DichiarazioniFormula 1Gran Premio Gran Bretagna

GP Gran Bretagna, Verstappen, il giro veloce costa la vittoria

La Red Bull ha richiamato ai box il proprio alfiere per montargli gomme nuove, così da prendere un punto in più. Ma è sfumato il successo

“Aspettative per il weekend? State sicuri che dominerà la Mercedes, noi dobbiamo solo capire quale sarà il divario che ci separerà da loro”
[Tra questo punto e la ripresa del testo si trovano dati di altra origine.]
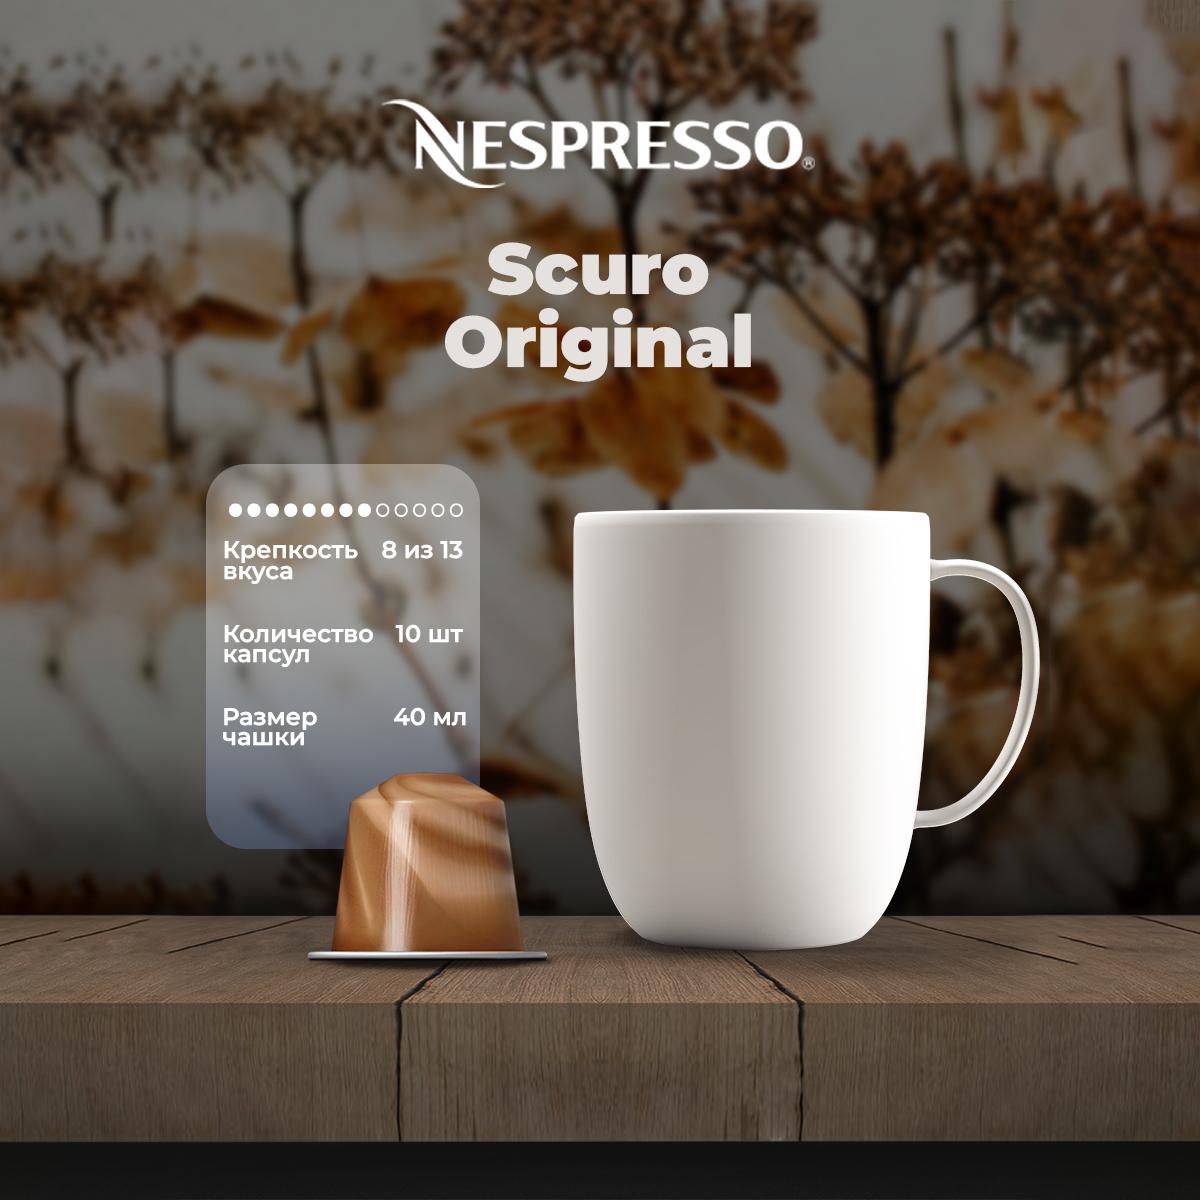 Кофе в капсулах Nespresso Original Scuro

aveva avvertito Max Verstappen alla vigilia della tappa britannica. Per 50 giri, la profezia – ma chiamarla profezia è fin troppo benevolo, vista la certezza del dominio Mercedes – del pilota olandese si era avverata. Primo Hamilton, poi Bottas a ‘scortarlo’, con Verstappen terzo a completare il trio. Ma nelle ultime due tornate è successo di tutto. Il finlandese si è ritrovato con una gomma dechappata – “Ha spinto troppo” lo ha bacchettato poi Hamilton – e poco dopo anche lo stesso Lewis è incorso nella medesima sorte. Ma, mentre Bottas ha fatto a Verstappen un grandissimo regalo, il britannico è rimasto in testa. Perché? Per una concatenazione di fattori. 
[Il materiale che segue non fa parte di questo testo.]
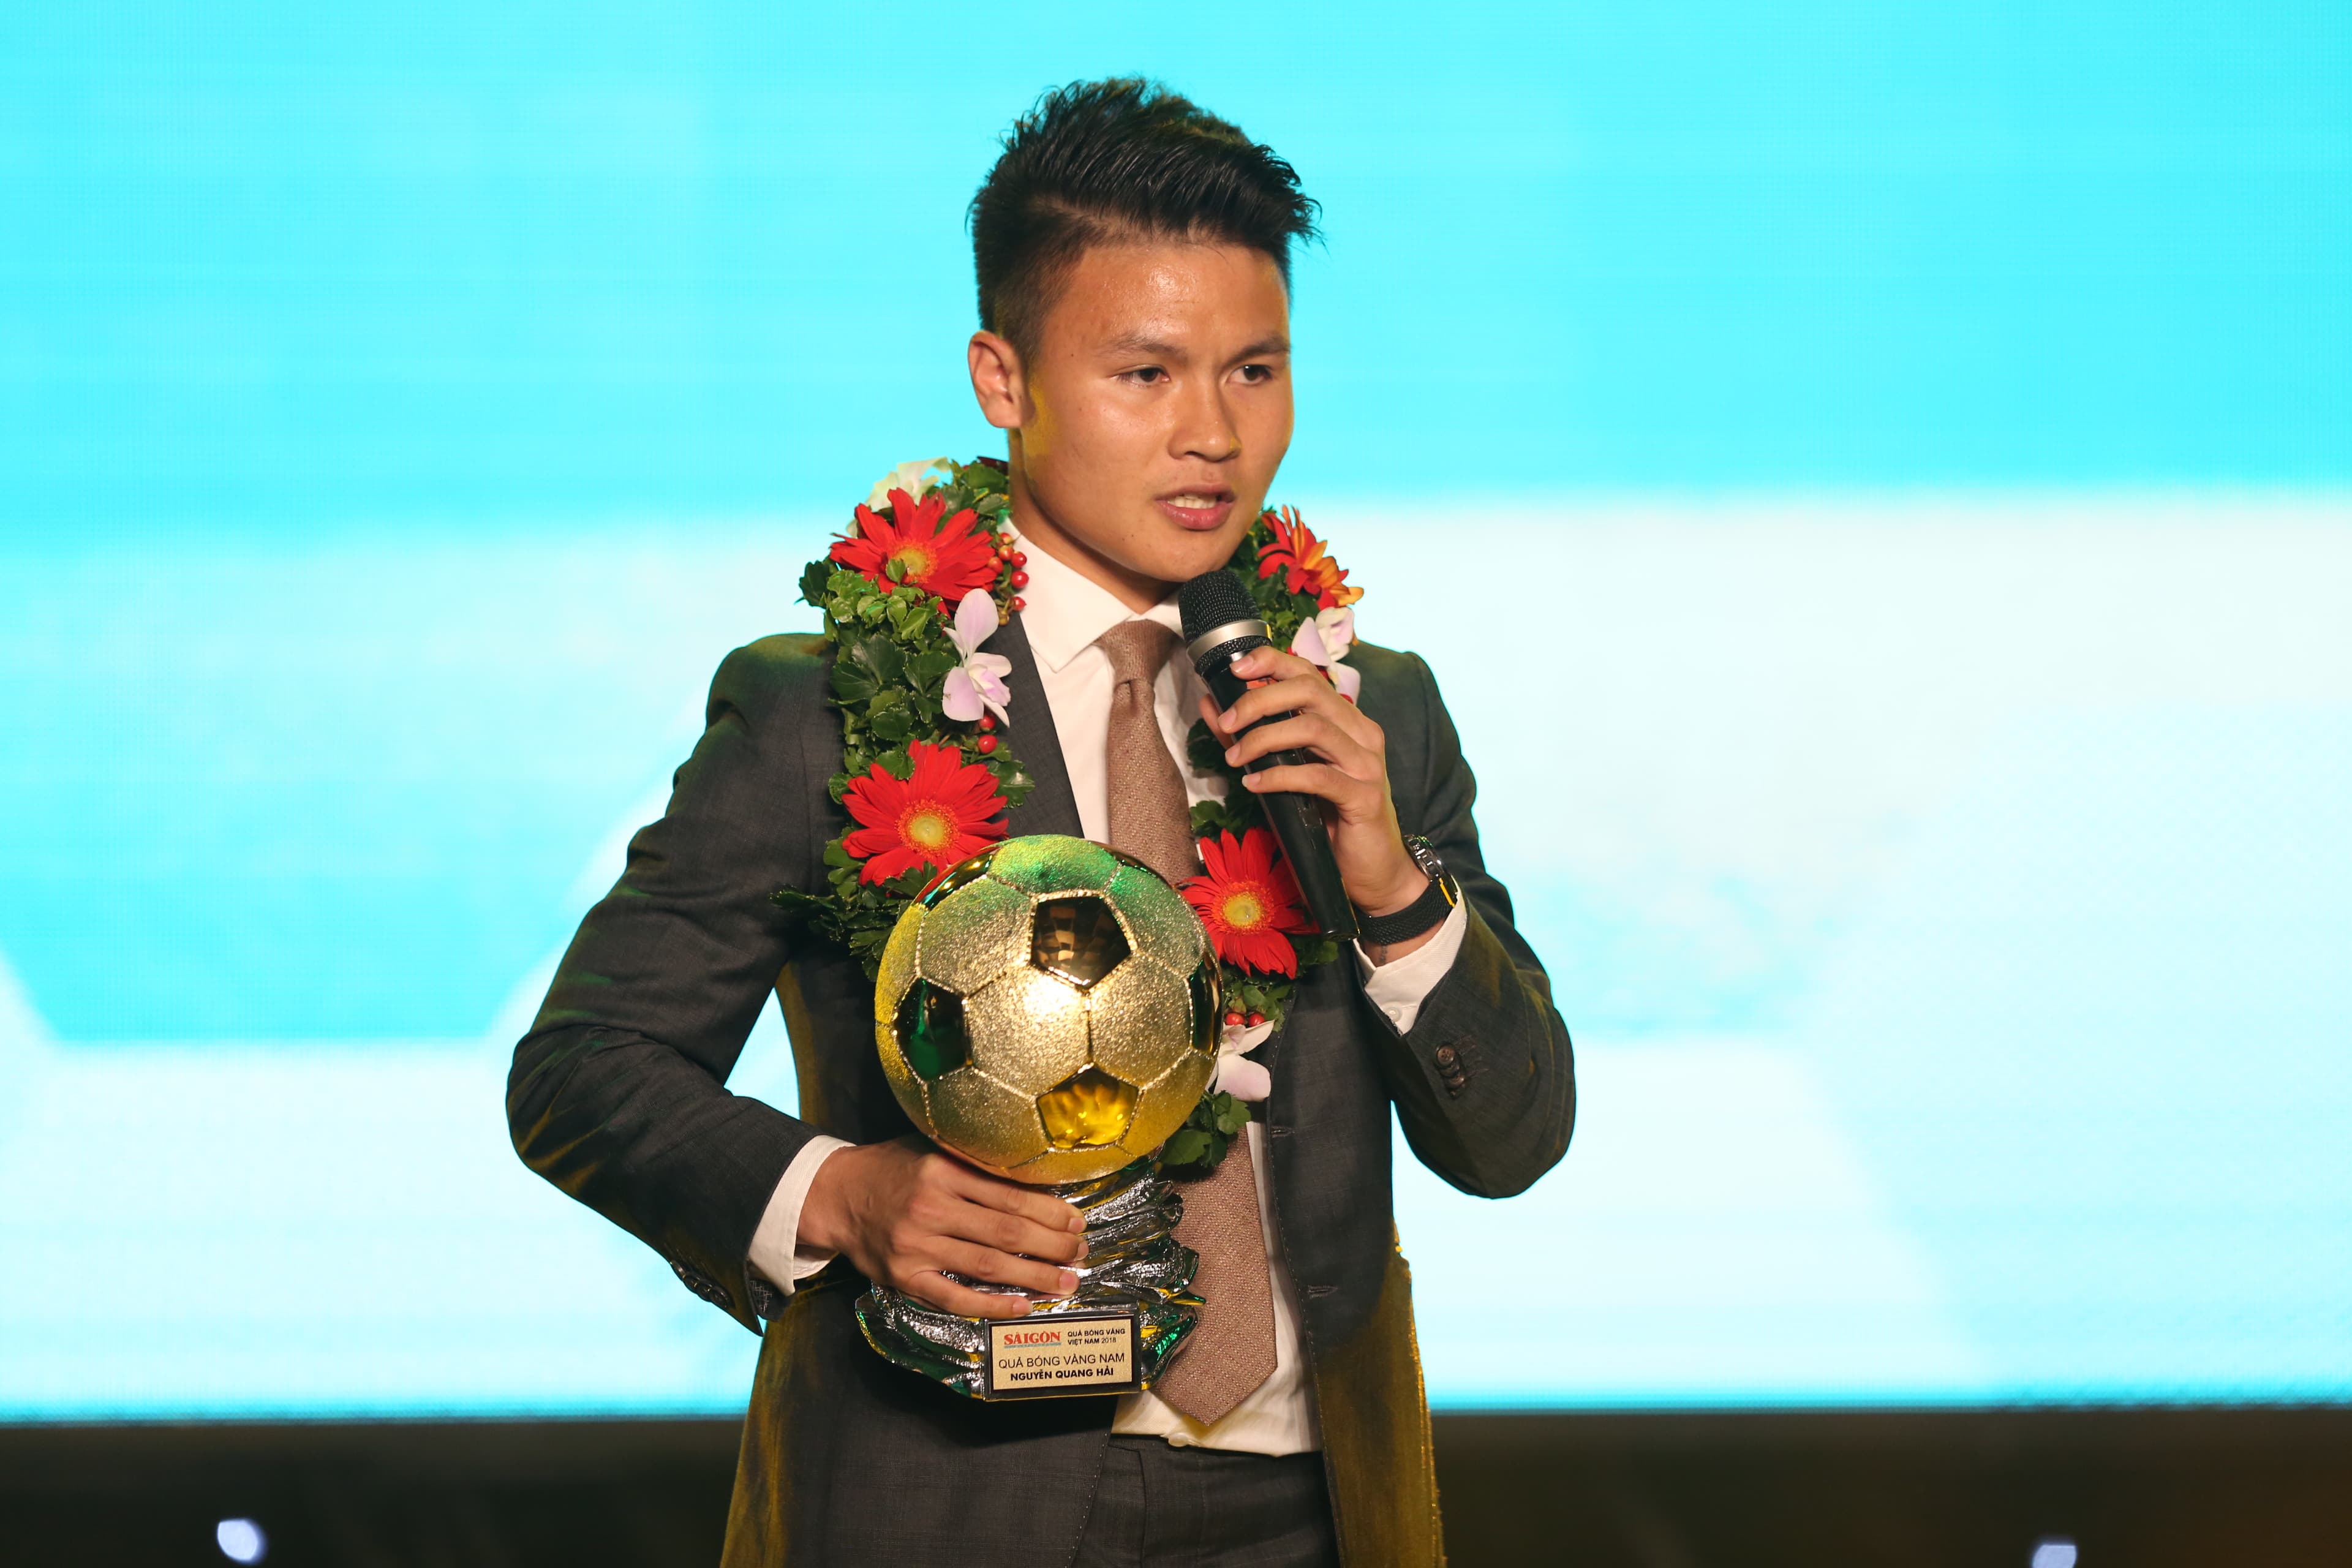 Quang Hải là nhà vô địch Quả bóng vàng năm 2018, đánh bại những đối thủ nặng ký để giành chiến thắng. Xem hình ảnh của anh để tưởng nhớ khoảnh khắc đó và chúc mừng anh!

Anzitutto, Hamilton ha accusato la foratura all’ultimo giro, e per di più a metà tracciato, ossia nel vecchio rettilineo d’arrivo. Ma soprattutto, a negare il successo a Max è stato l’ultimo pit stop a cui la squadra lo ha richiamato quando mancavano due tornate. Fuori Bottas, il team di Milton Keynes ha deciso di montare gomme fresche al pilota olandese, per consentirgli di arpionare la tornata più veloce in extremis, all’ultimo giro. Missione compiuta sotto questo aspetto, con il punto addizionale annesso che si aggiunge ai 18 accumulati da Verstappen. Ma così è sfuggita la vittoria: quei 30″ necessari per la sosta hanno infatti impedito a Max di acciuffare la W11 di Hamilton che si trascinava su tre ruote. Così, quando Lewis ha tagliato il traguardo in stile Gilles Villeneuve a Zandvoort 1979, il pilota Red Bull affrontava l’ultima curva, pochi secondi dietro, e con la certezza che, ci fossero state due curve in più, sarebbe stato lui a trionfare.

BICCHIERE MEZZO PIENO

Potrebbe apparire frustrato Verstappen nel dopo-gara, ma l’olandese preferisce analizzare la situazione a 360 gradi: “La possiamo vedere come fortuna o sfortuna, ma come dato più importante c’è la nostra velocità, che non è al livello delle Mercedes. Loro sono più veloci di noi e per questo oggi ha vinto Lewis. Da un lato ha avuto fortuna, ma dall’altro è stato anche sfortunato, perché ha forato a differenza mia. Dopo il problema di Bottas, abbiamo deciso di fermarci per puntare al giro più veloce; ovviamente nessuno sapeva cosa sarebbe accaduto a Lewis… In fin dei conti il risultato rappresenta i valori in campo. Siamo a circa mezzo secondo dalle W11, ma in alcuni casi riusciamo a stare sui quattro decimi. La fortuna è che gli altri sono molto staccati, Ferrari compresa. Dunque siamo abbastanza sicuri di viaggiare in zona podio, il problema è che non basta ancora per vincere”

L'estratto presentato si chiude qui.